The membership of the Personal Spaceflight Federation includes operators of spaceships, spaceports and orbital spaceflight facilities. The group was organized to promote the development of commercial human spaceflight, pursue ever-higher levels of safety, and share best practices and expertise throughout the industry.

The topics the organization intends to address include legislative, regulatory and insurance issues — particularly third-party liability and insurance for the pilots and passengers of commercial spaceships, Tai told Space News in an Oct. 28 interview.

Over the next year in particular, Tai said, the Personal Spaceflight Federation intends to build upon the Commercial Space Launch Amendments Act of 2004, the legislation that put the regulatory framework in place for commercial human spaceflight.

"We need to make sure, as we become smarter, we know what some of the issues are and how that legislation may or may not need to be changed" Tai said.

Technological readiness
Virgin Galactic itself is continuing its work with Scaled Composites of Mojave, Calif., to design a huge carrier drop plane, the White Knight 2, and SpaceShipTwo, the suborbital craft that will transport paying passengers into suborbital space.

The July accident in Mojave that occurred during engine component testing for SpaceShipTwo was a setback that still needs to be fully analyzed, Tai said. "It will go to market when it's ready ... and not before," Tai said.

One of the big steps forward for Virgin Galactic this year, Tai said, was the contract the company signed in August with the National Aerospace Training and Research Center in Southampton, Pa., to provide training for Virgin Galactic's suborbital space travelers.
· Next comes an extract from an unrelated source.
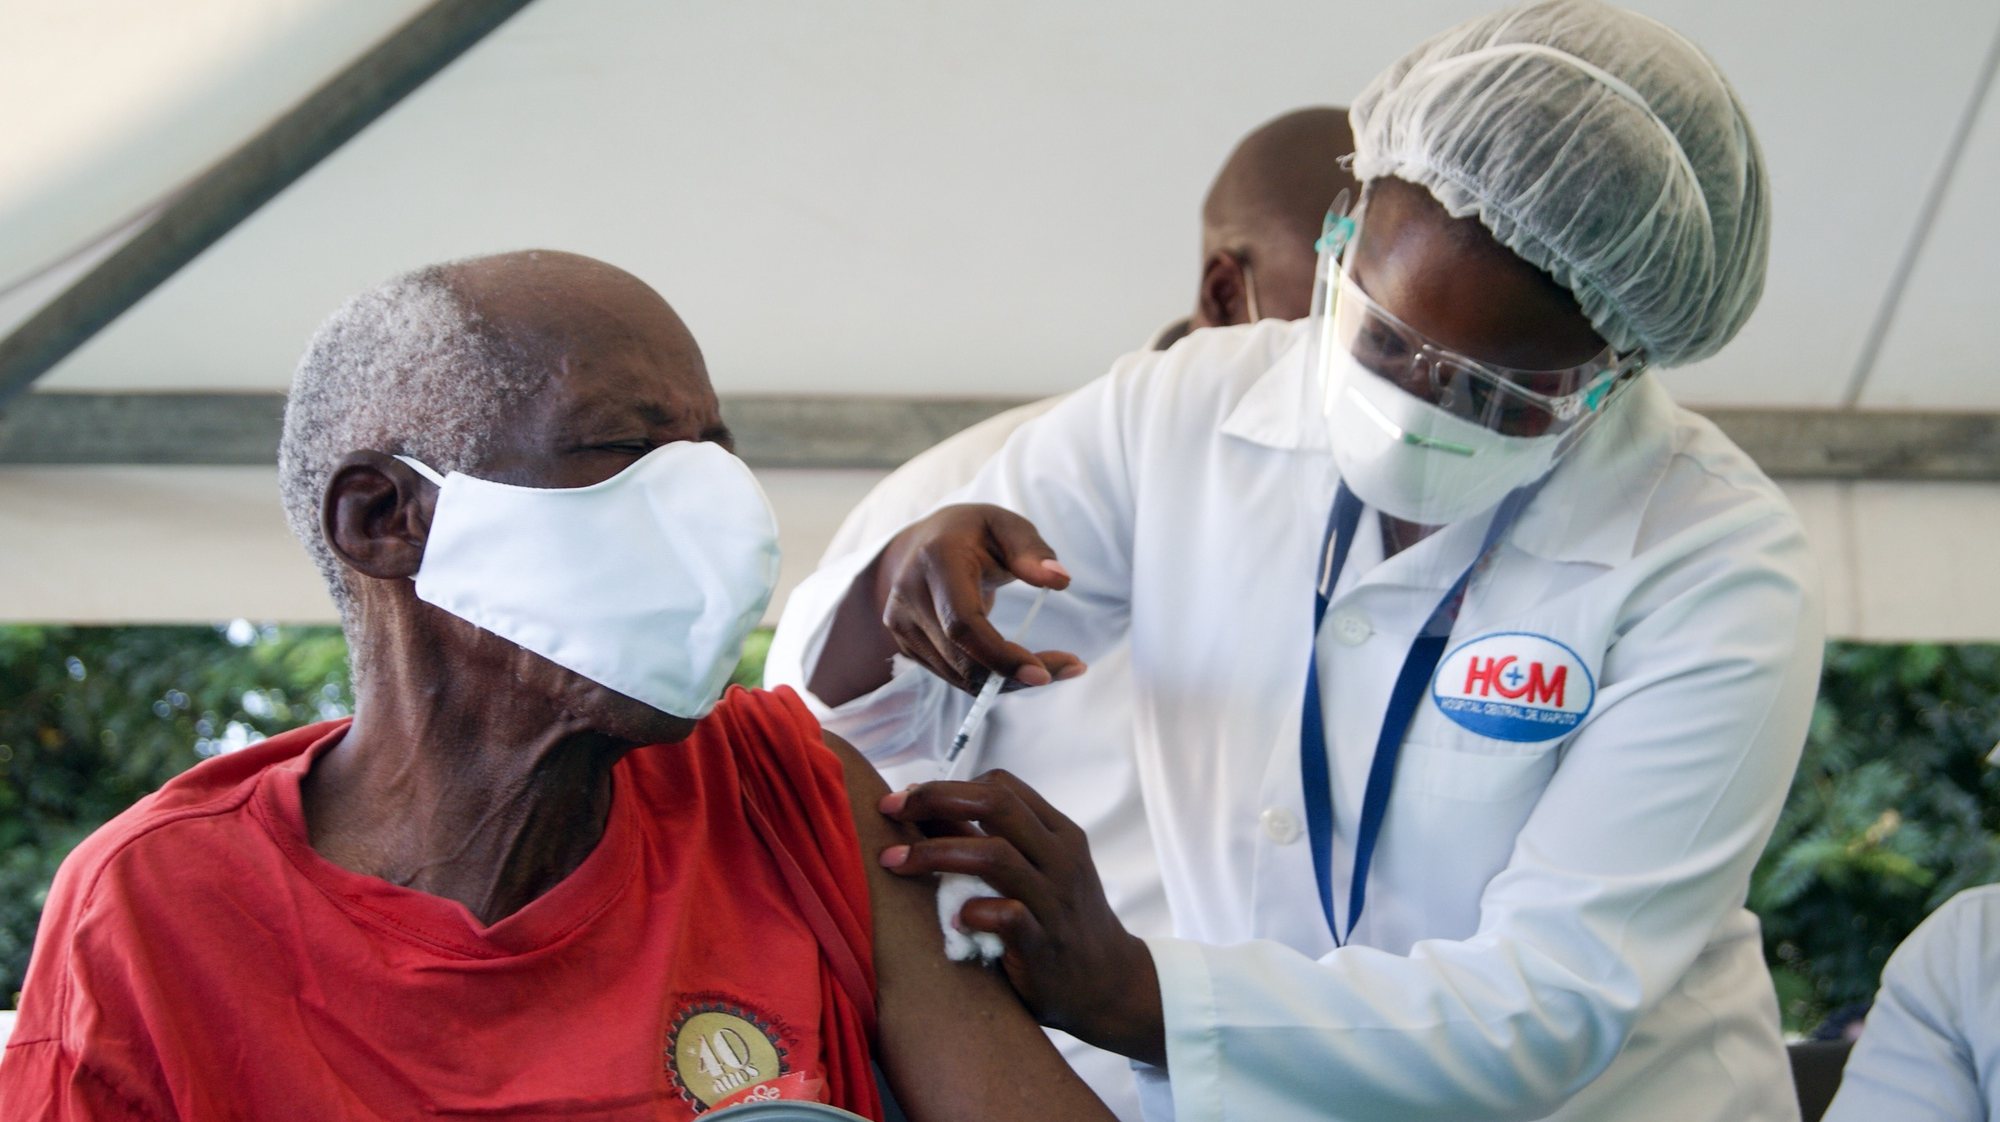 Início da vacinação contra a covid-19 , em Maputo, Moçambique, 08 de março de 2021. O plano de vacinação lançado hoje está estimado em quase dois mil milhões de meticais (23 milhões de euros) e vai dar prioridade aos profissionais que estão na linha da frente do combate à epidemia. LUÍSA NHANTUMBO/LUSA

Making use of a high-tech centrifuge at the center, for example, customers can be taken on a simulated, but accurate, flight profile of a SpaceShipTwo suborbital hop, he said.
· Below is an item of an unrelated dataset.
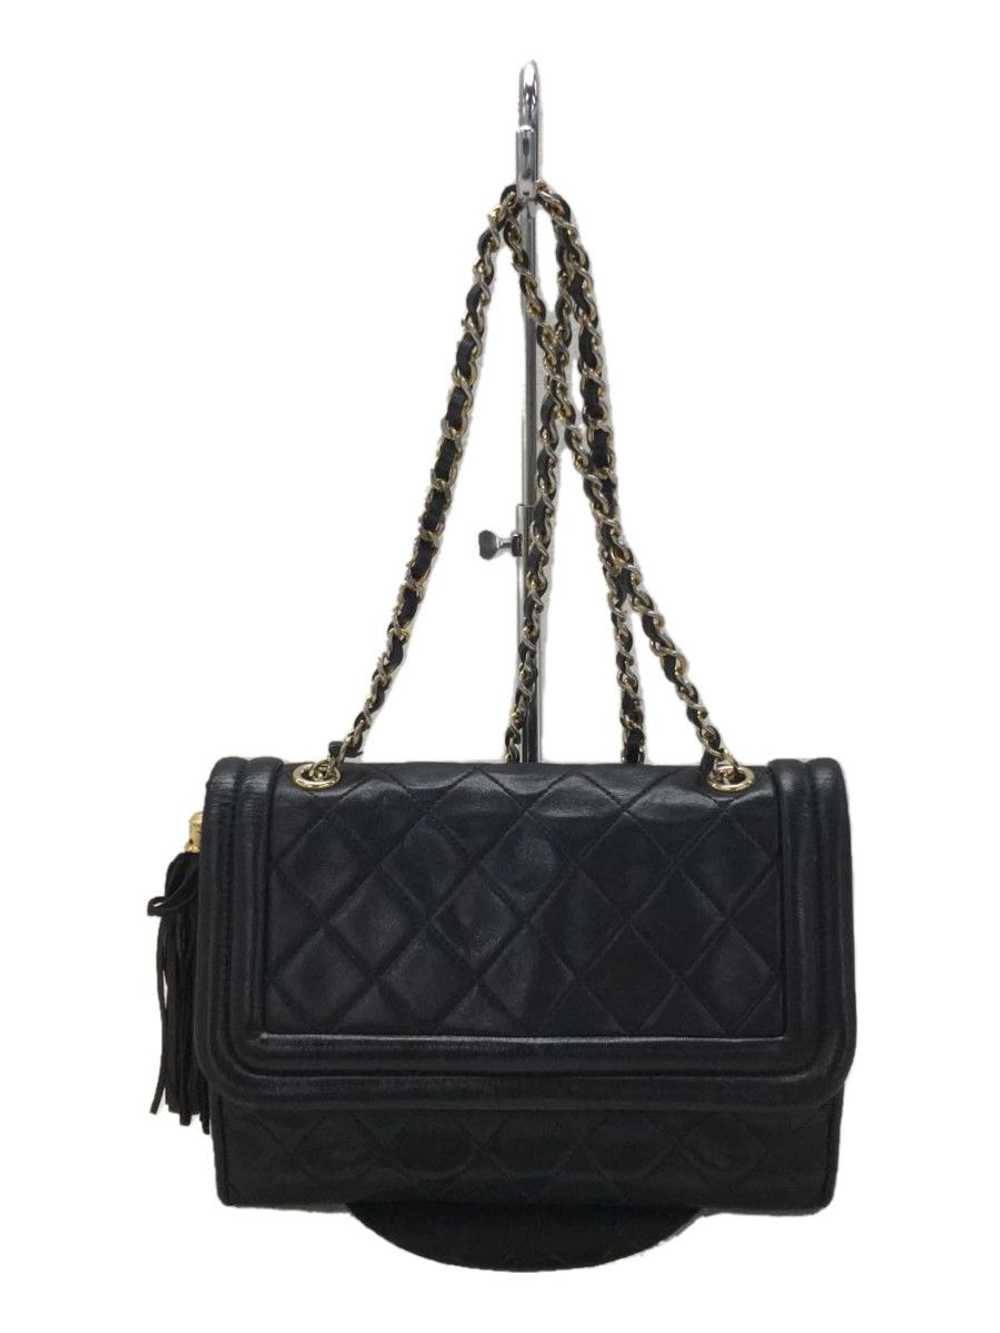 Chanel Chanel Shoulder Bag Leather Black - image 1

Tai said Virgin Galactic has collected $31 million in deposits from future suborbital space travelers. "One of the shocks," Tai noted, "is that a lot of people just want to go ... and they don't care what it's like. They'll go in a brown paper bag because they just want to go into space."

Nevertheless, he said the company is sensitive to passenger expectations about space travel and is paying close attention to detail about such things as the type of view of the Earth passengers will have from suborbital altitude and  making sure hotel accommodations for flight training are top-notch.